> _WHAT THE EXERCISE ASKS_
Begin at the line containing "Reason 新潟県コスパNo.1宣言 なぜ、プラスホームは超ローコストで1年中快適な住まいを叶えられるのか？" and copy exactly through the last line of the listing, skipping every picture.

> _RECORDED INFORMATION_
|---|

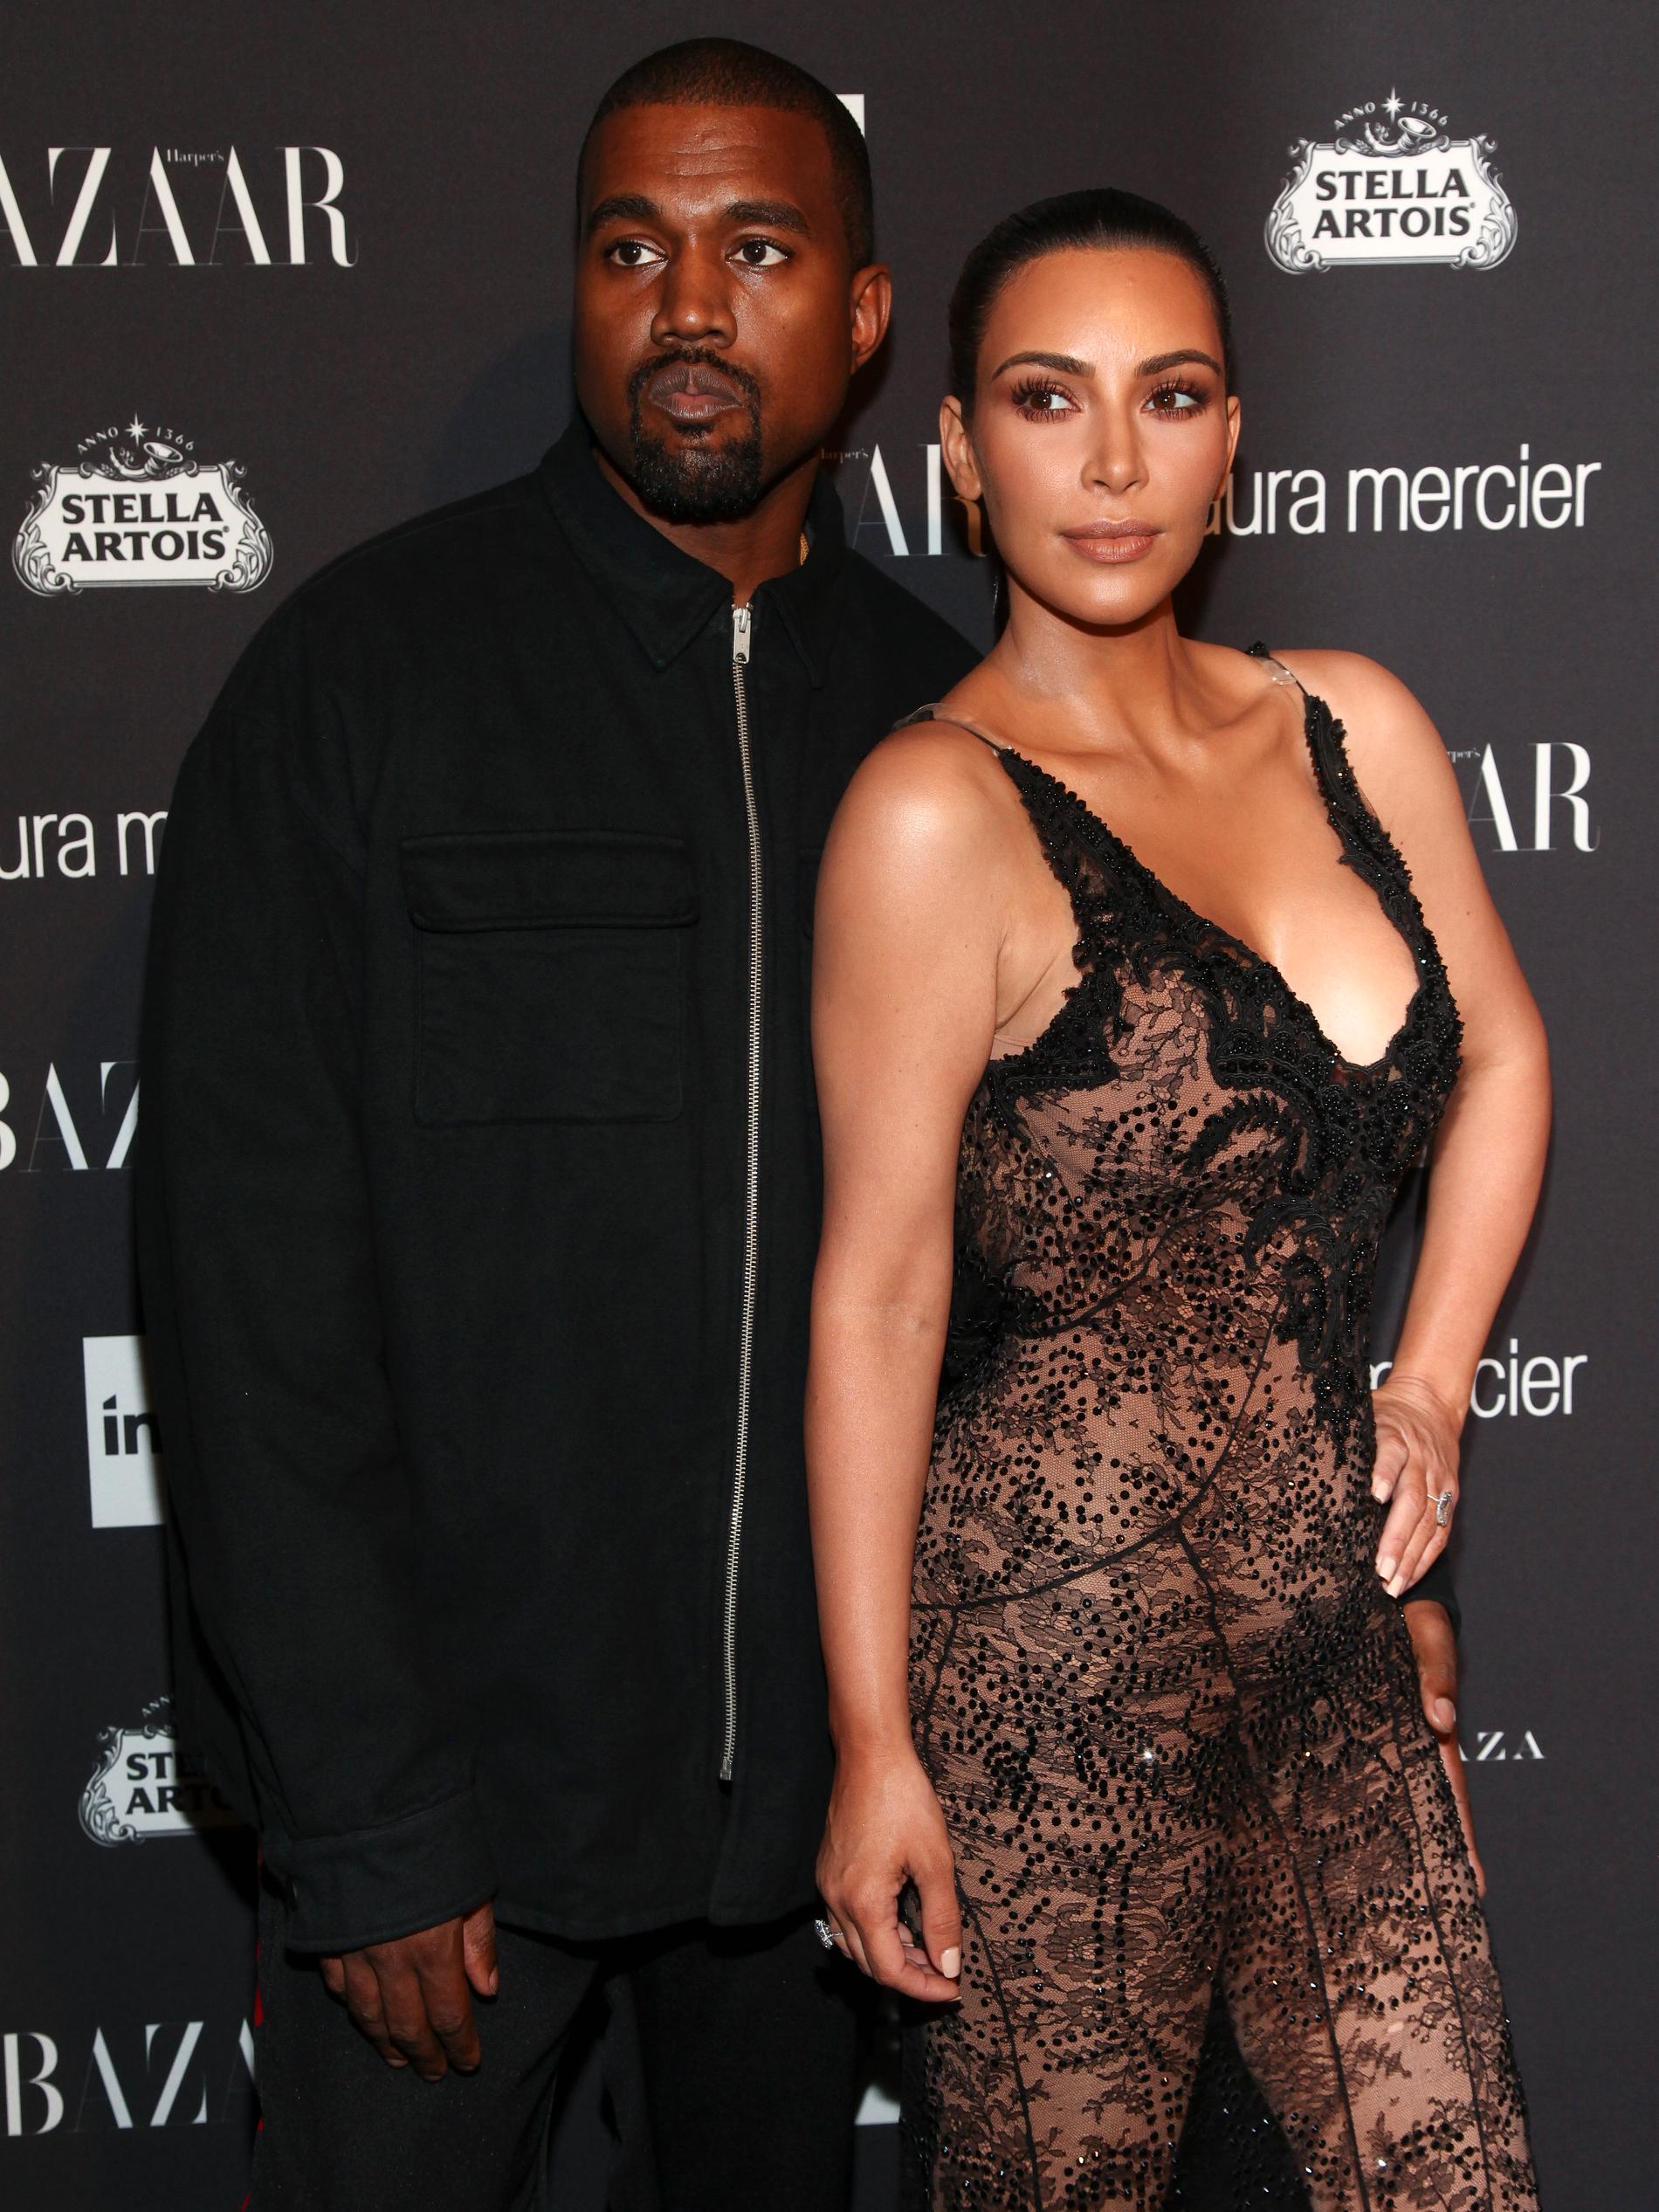 Kanye West och Kim Kardashian.
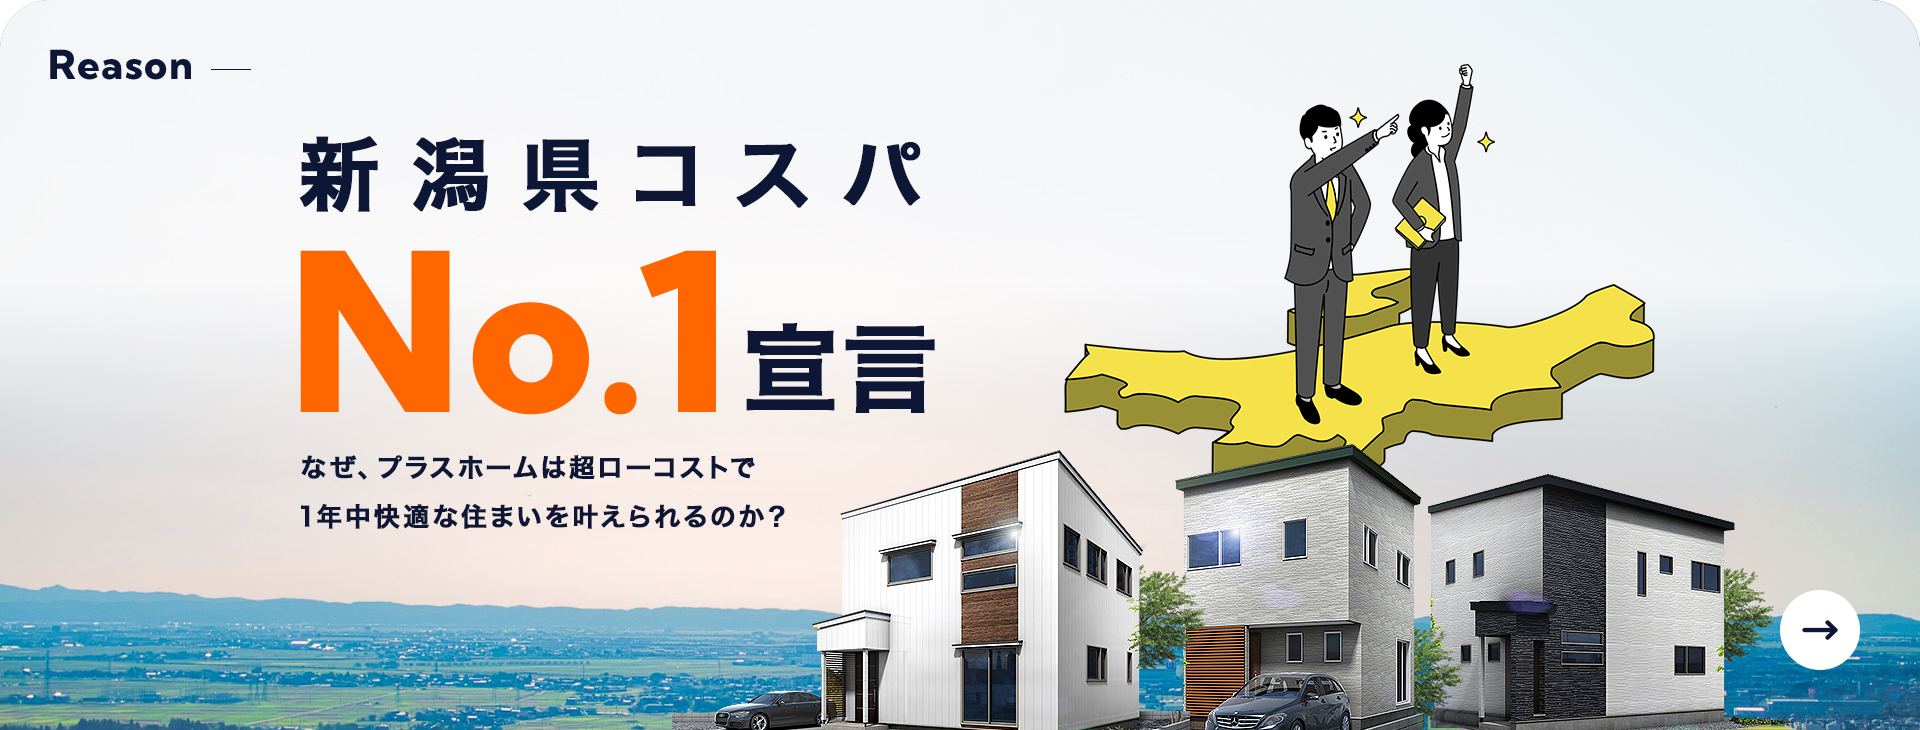 Reason 新潟県コスパNo.1宣言 なぜ、プラスホームは超ローコストで1年中快適な住まいを叶えられるのか？
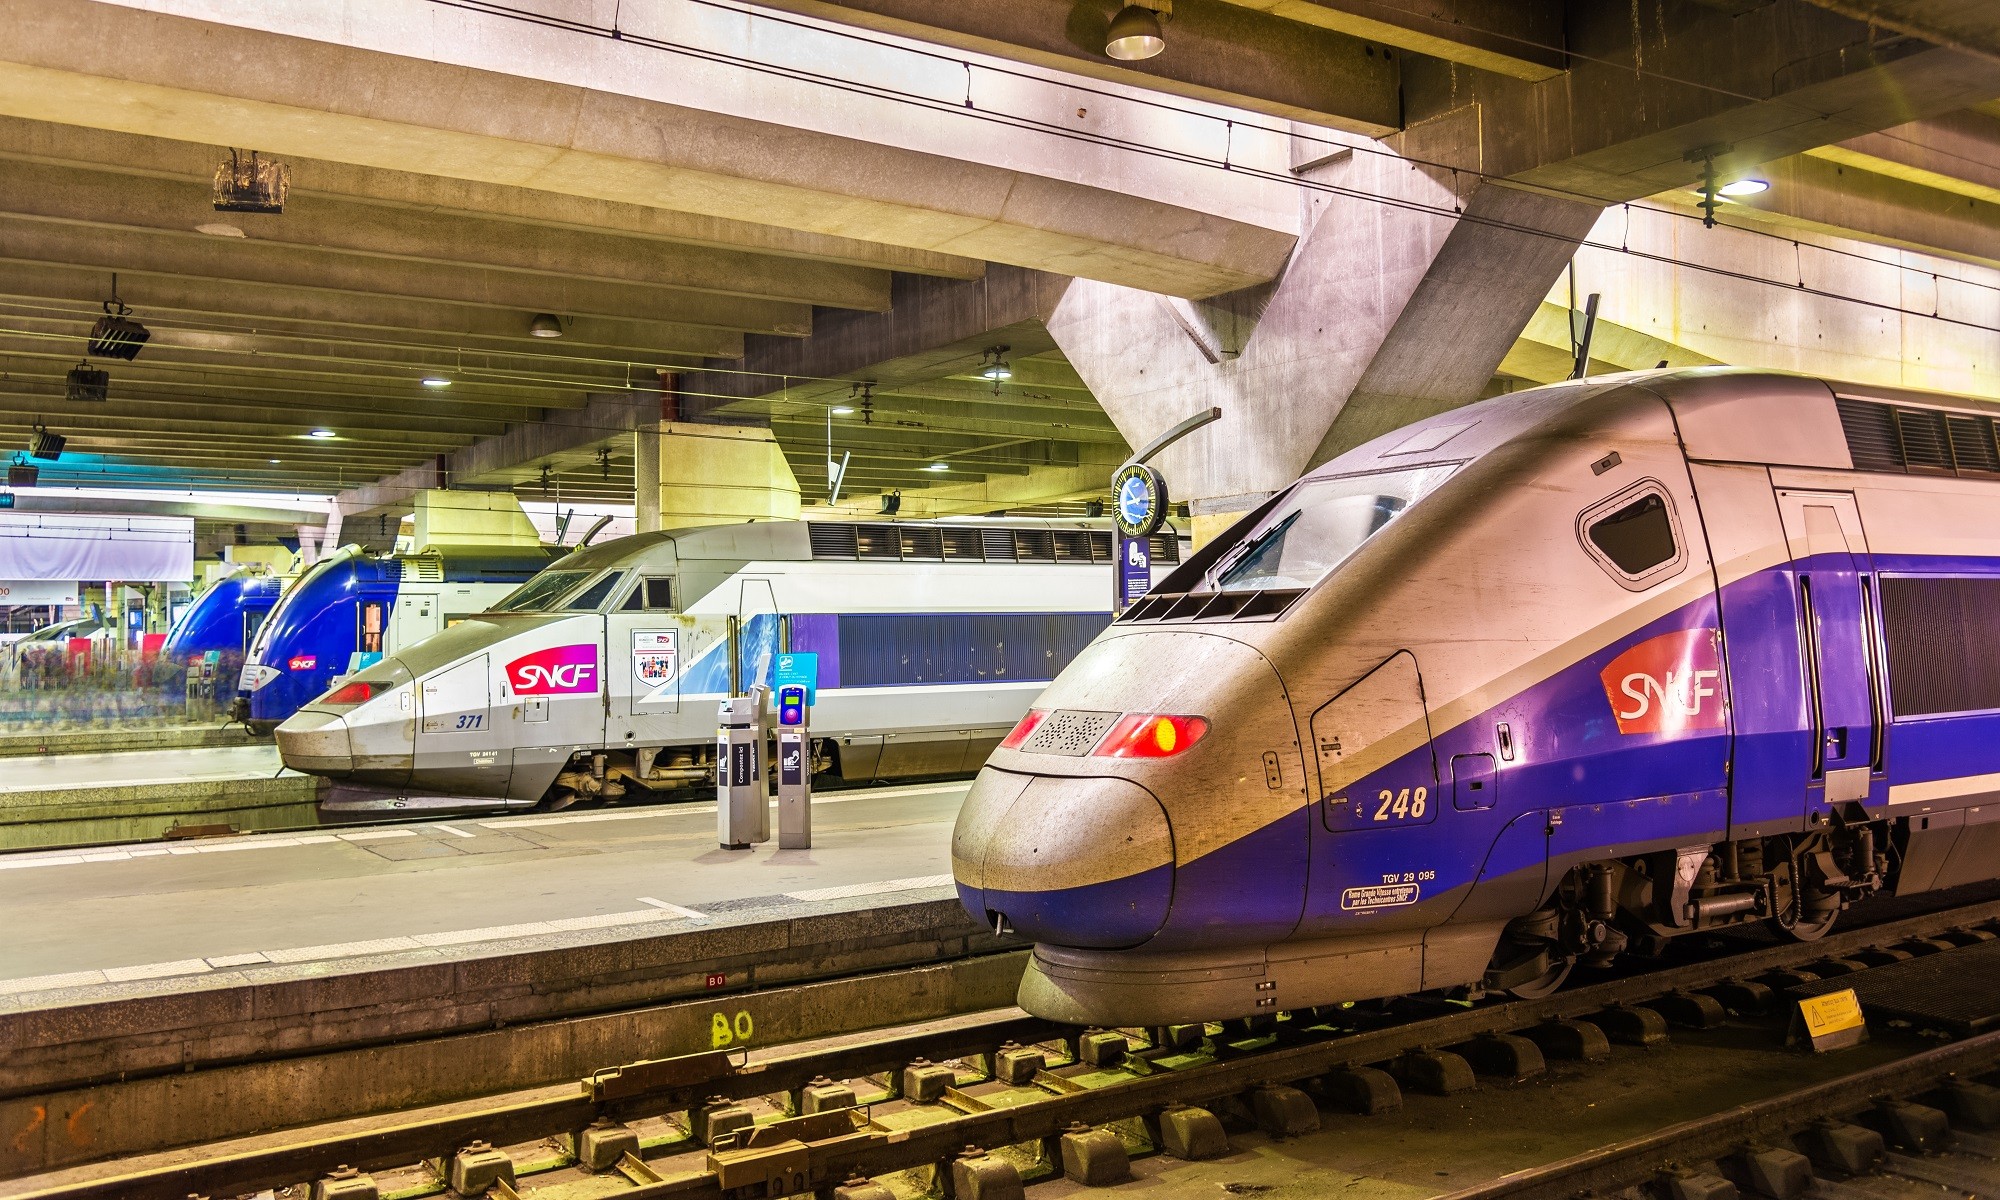 L'offre Train+Air permet désormais de voyager avec des billets digitalisés

|---|

> _OUTPUT FOR THIS EXERCISE_
 Reason 新潟県コスパNo.1宣言 なぜ、プラスホームは超ローコストで1年中快適な住まいを叶えられるのか？
 L'offre Train+Air permet désormais de voyager avec des billets digitalisés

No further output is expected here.